> **What is needed**: With pictures omitted, restate the data word for word.

> **Recorded data**:
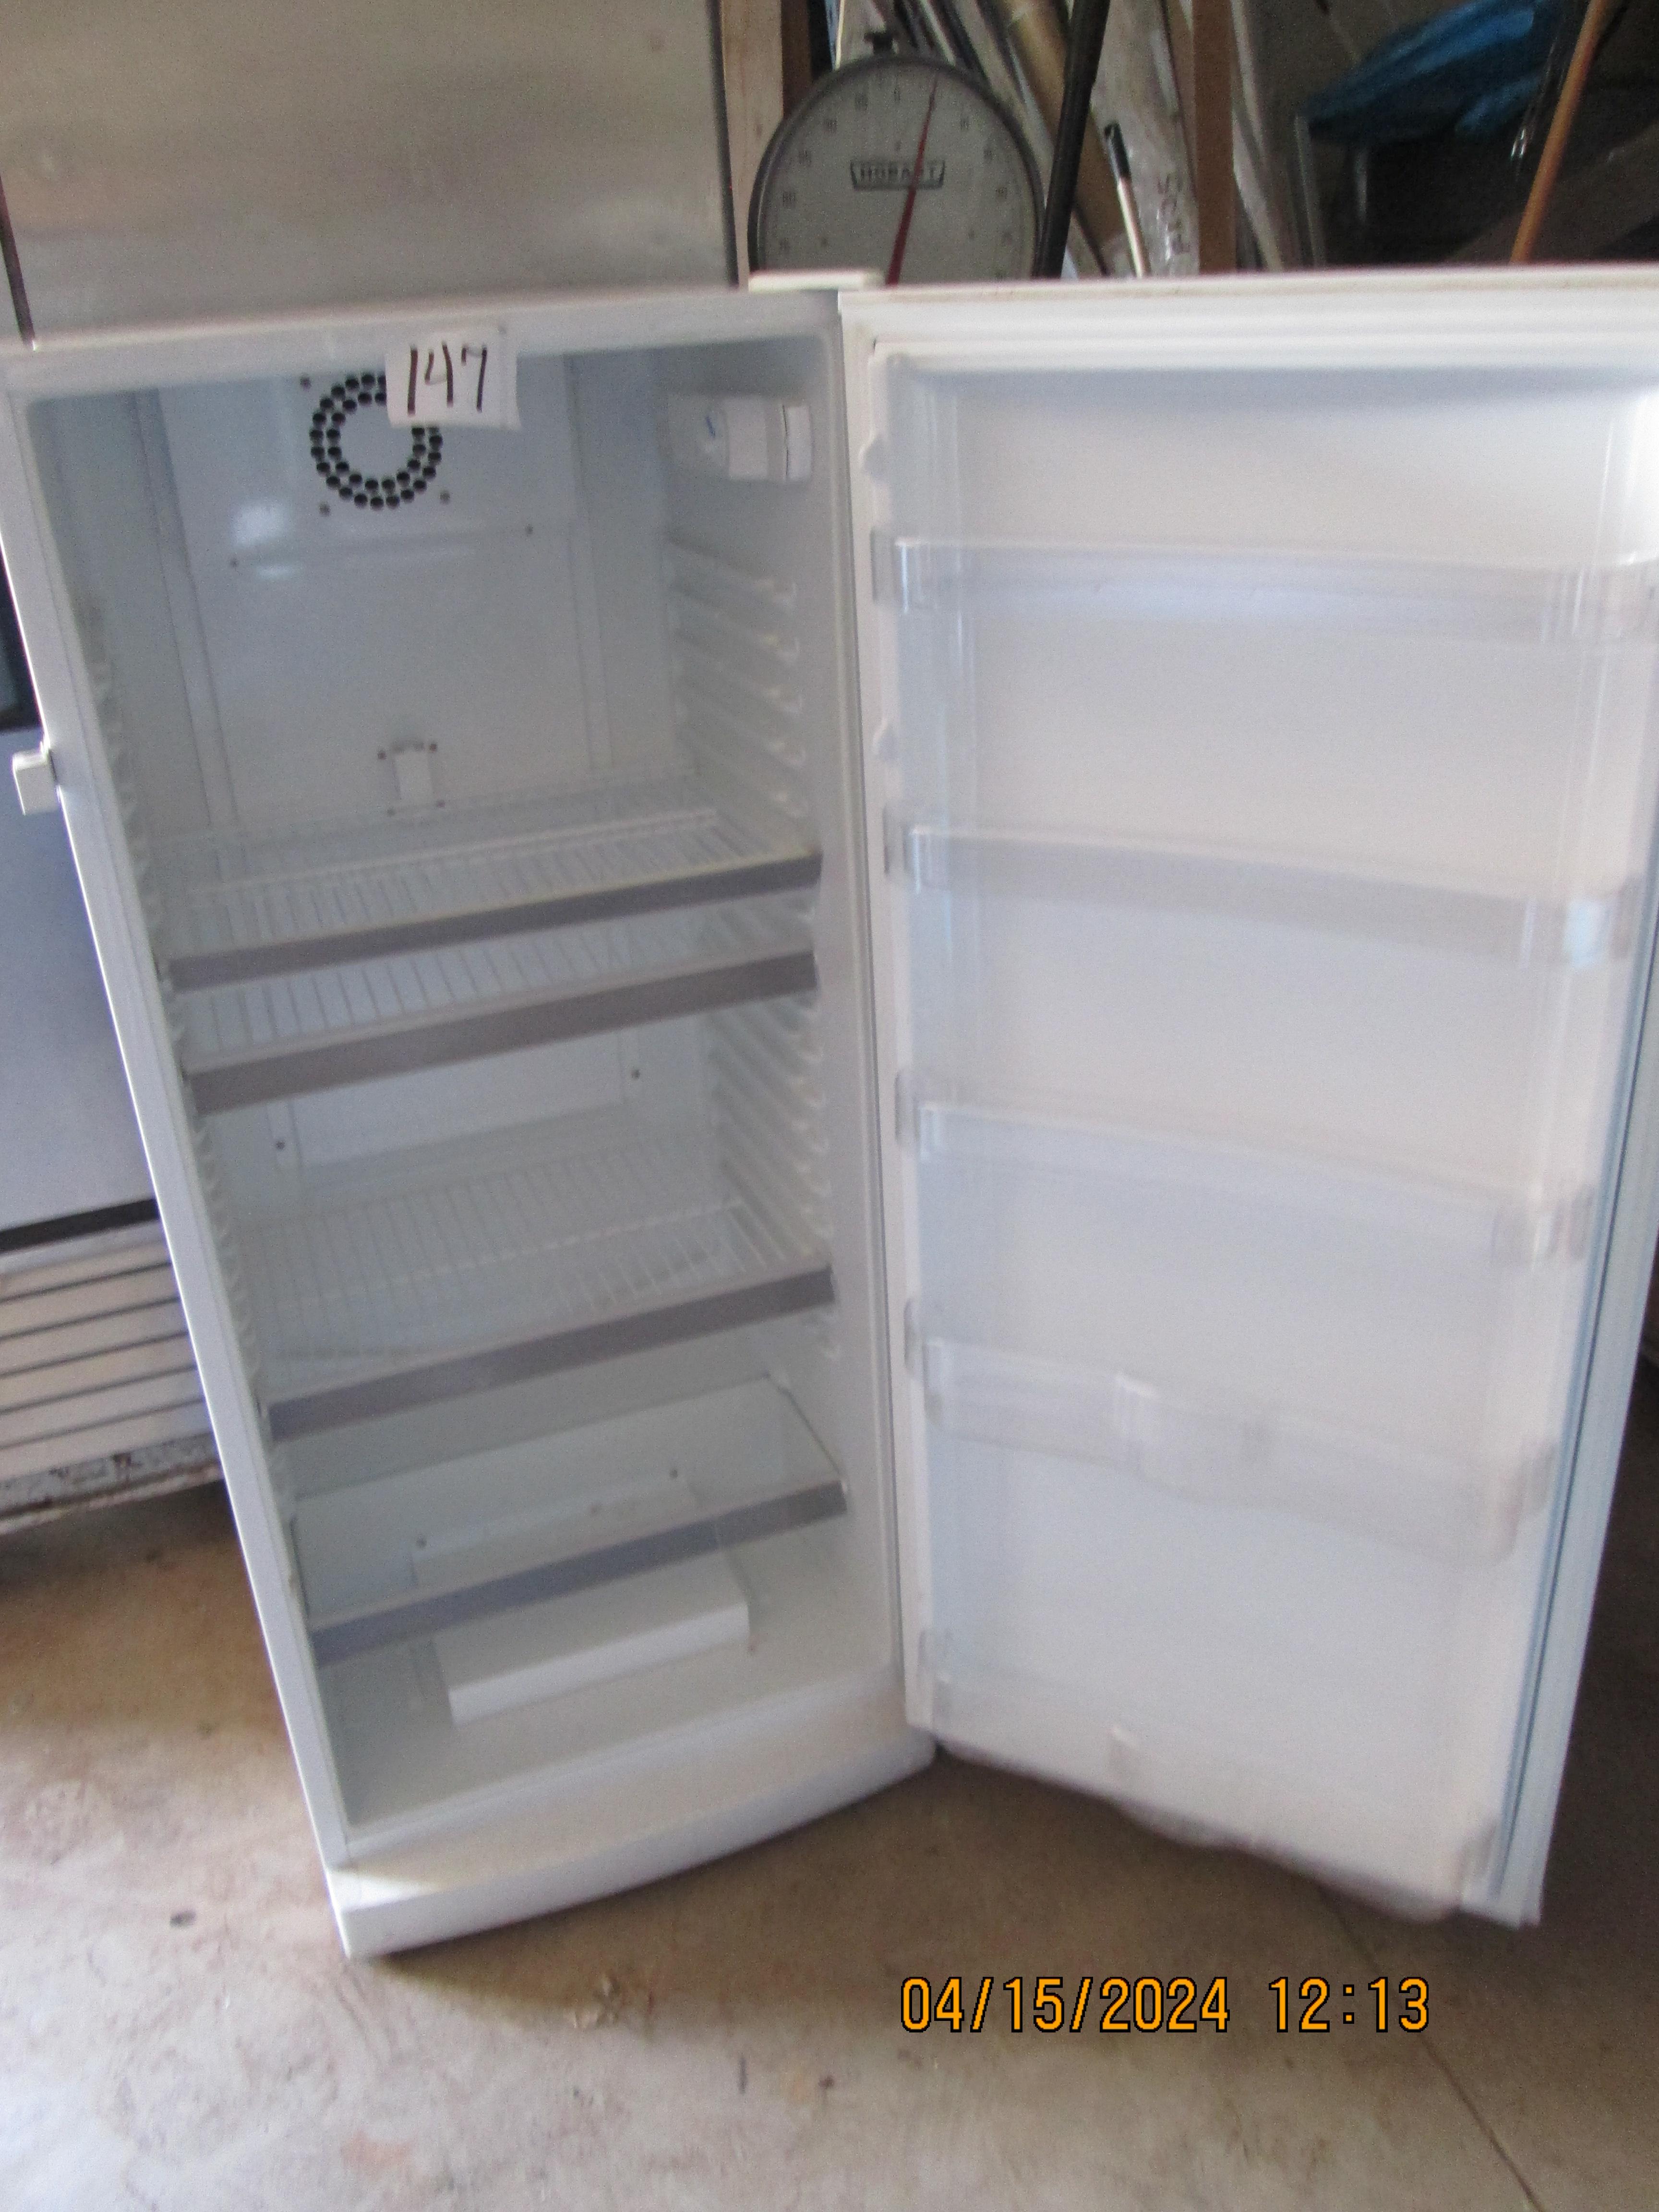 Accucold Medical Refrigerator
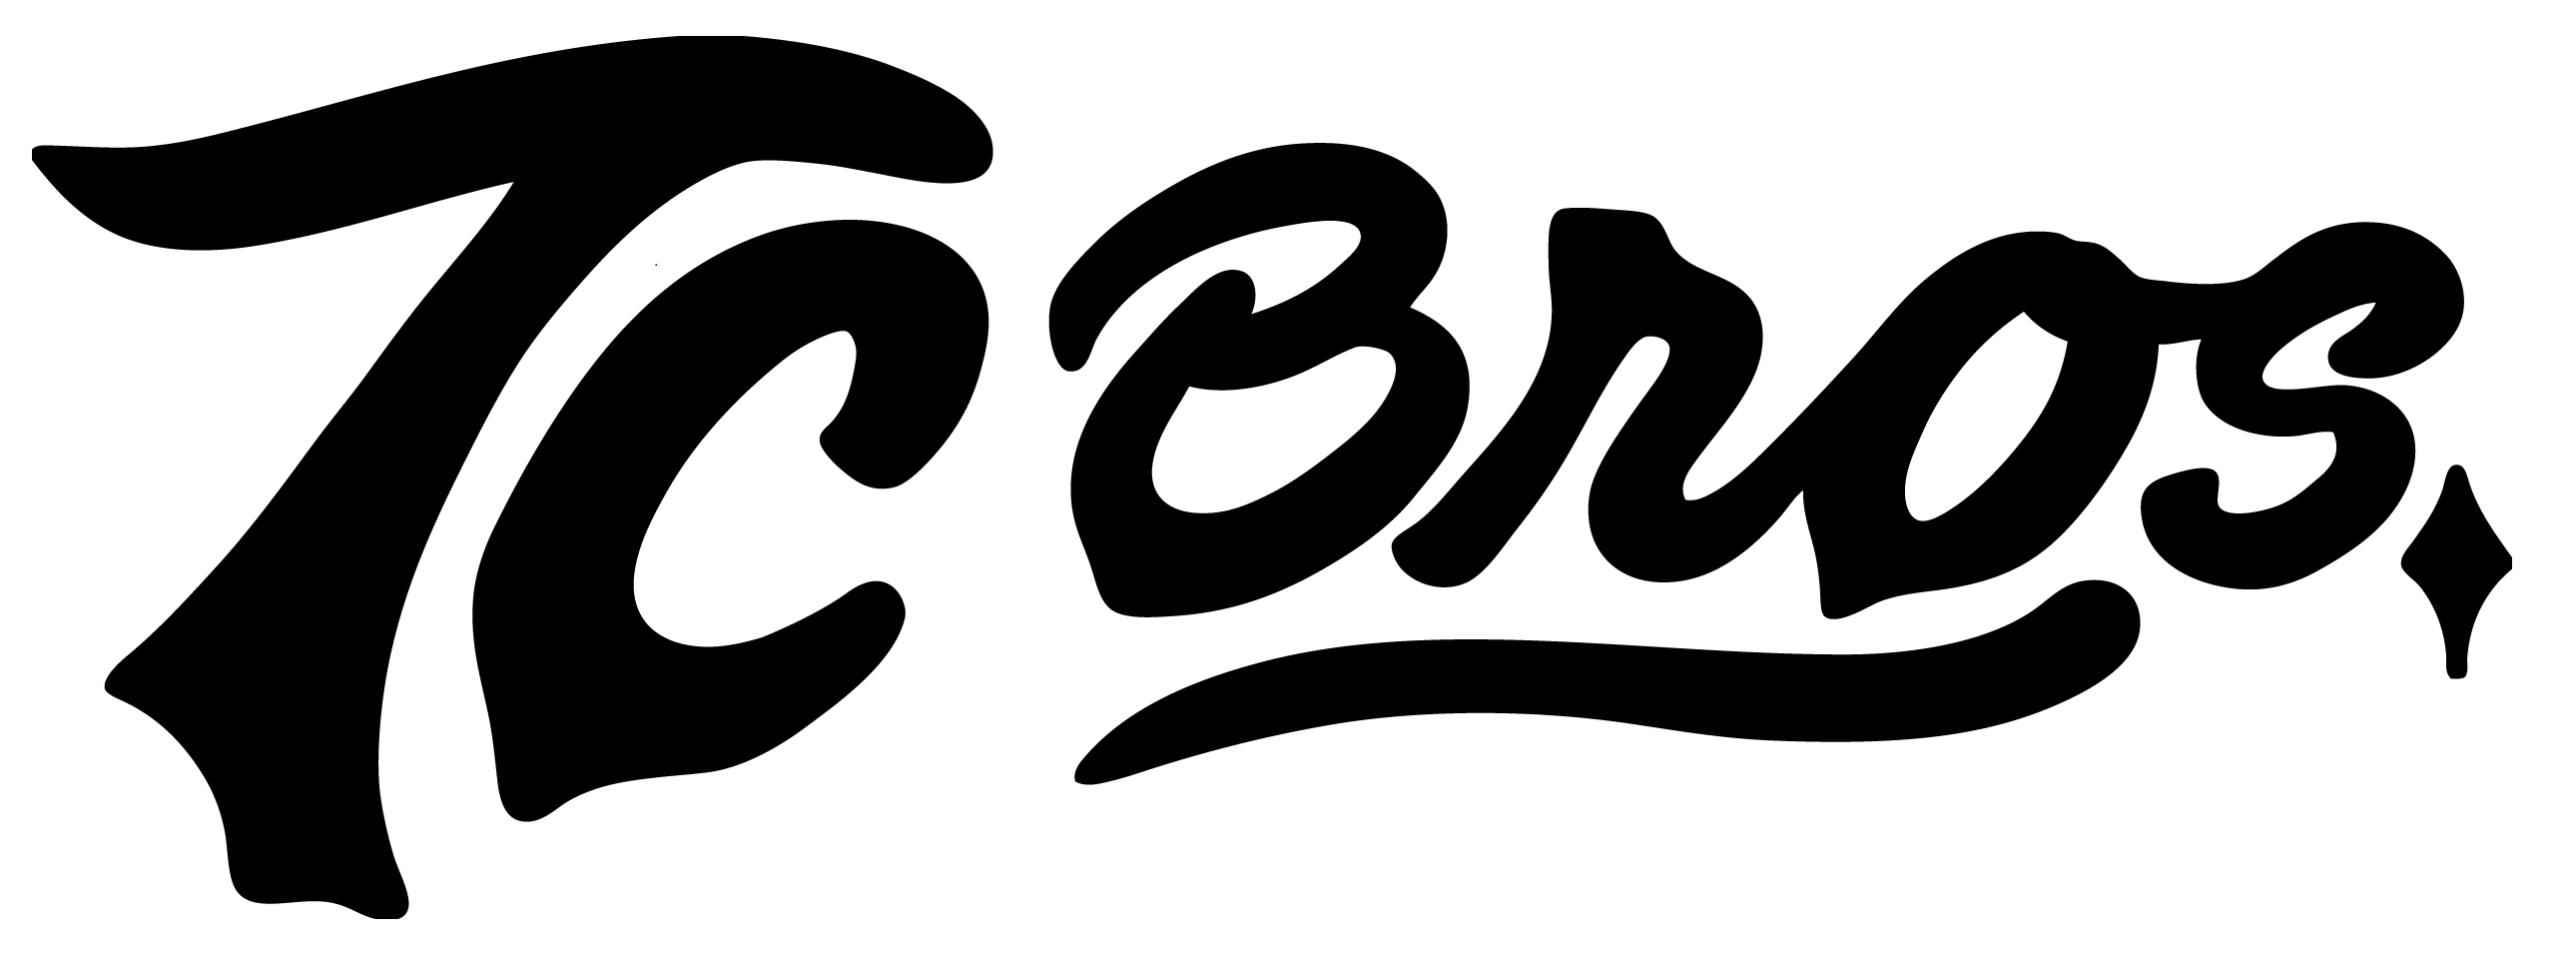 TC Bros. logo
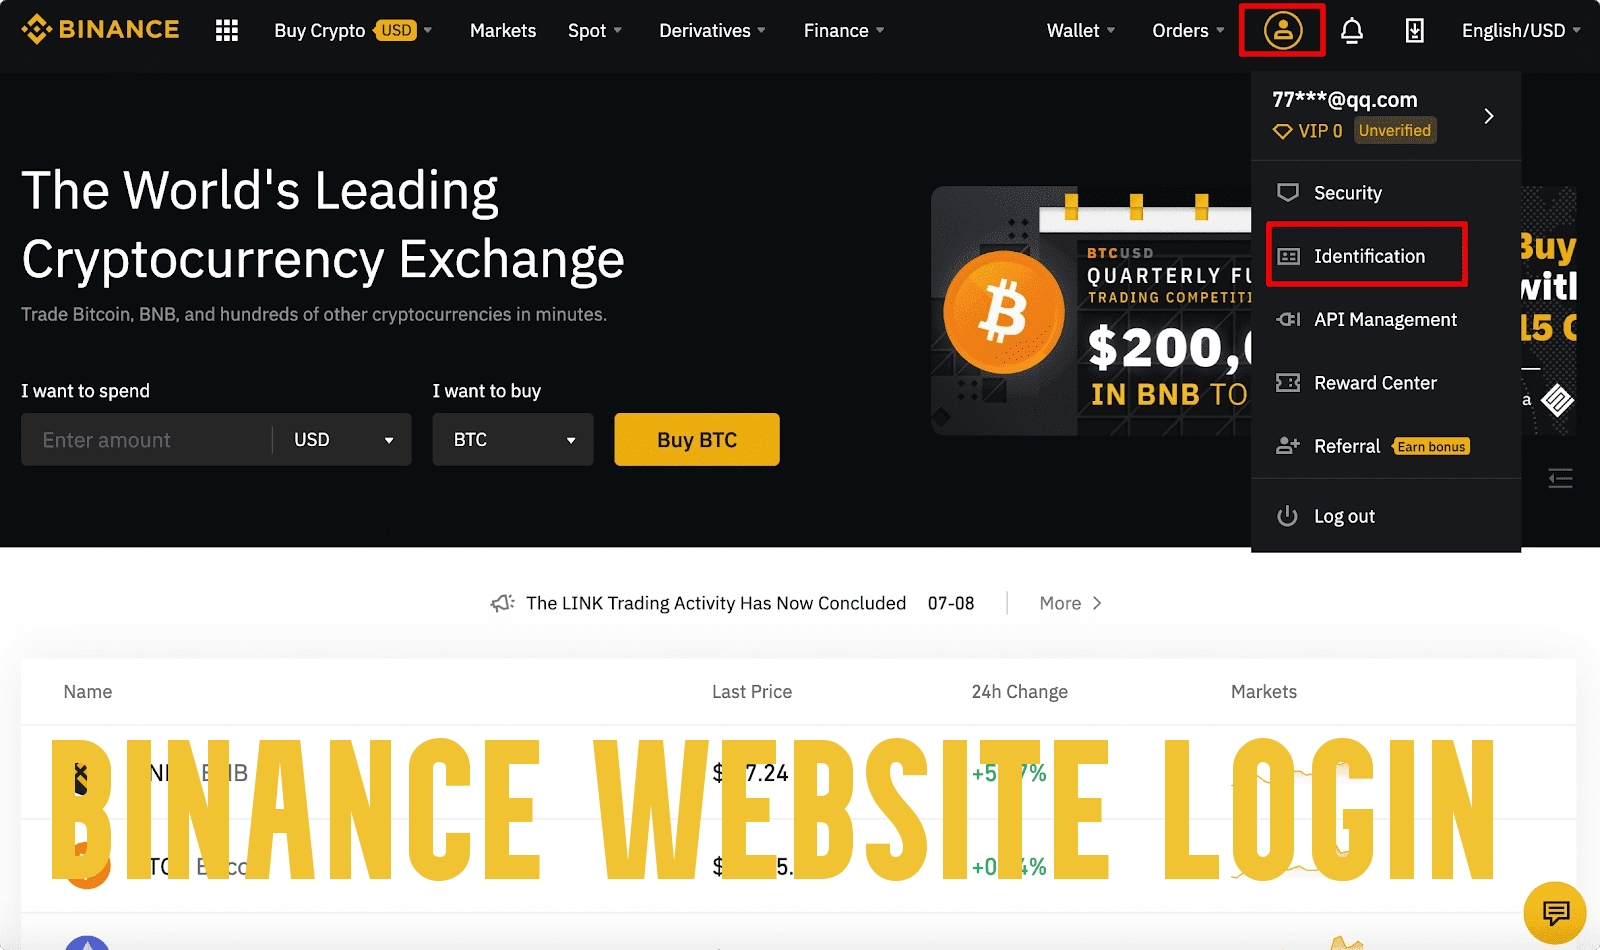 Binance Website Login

> **Answer section**:
 Accucold Medical Refrigerator
 TC Bros. logo
 Binance Website Login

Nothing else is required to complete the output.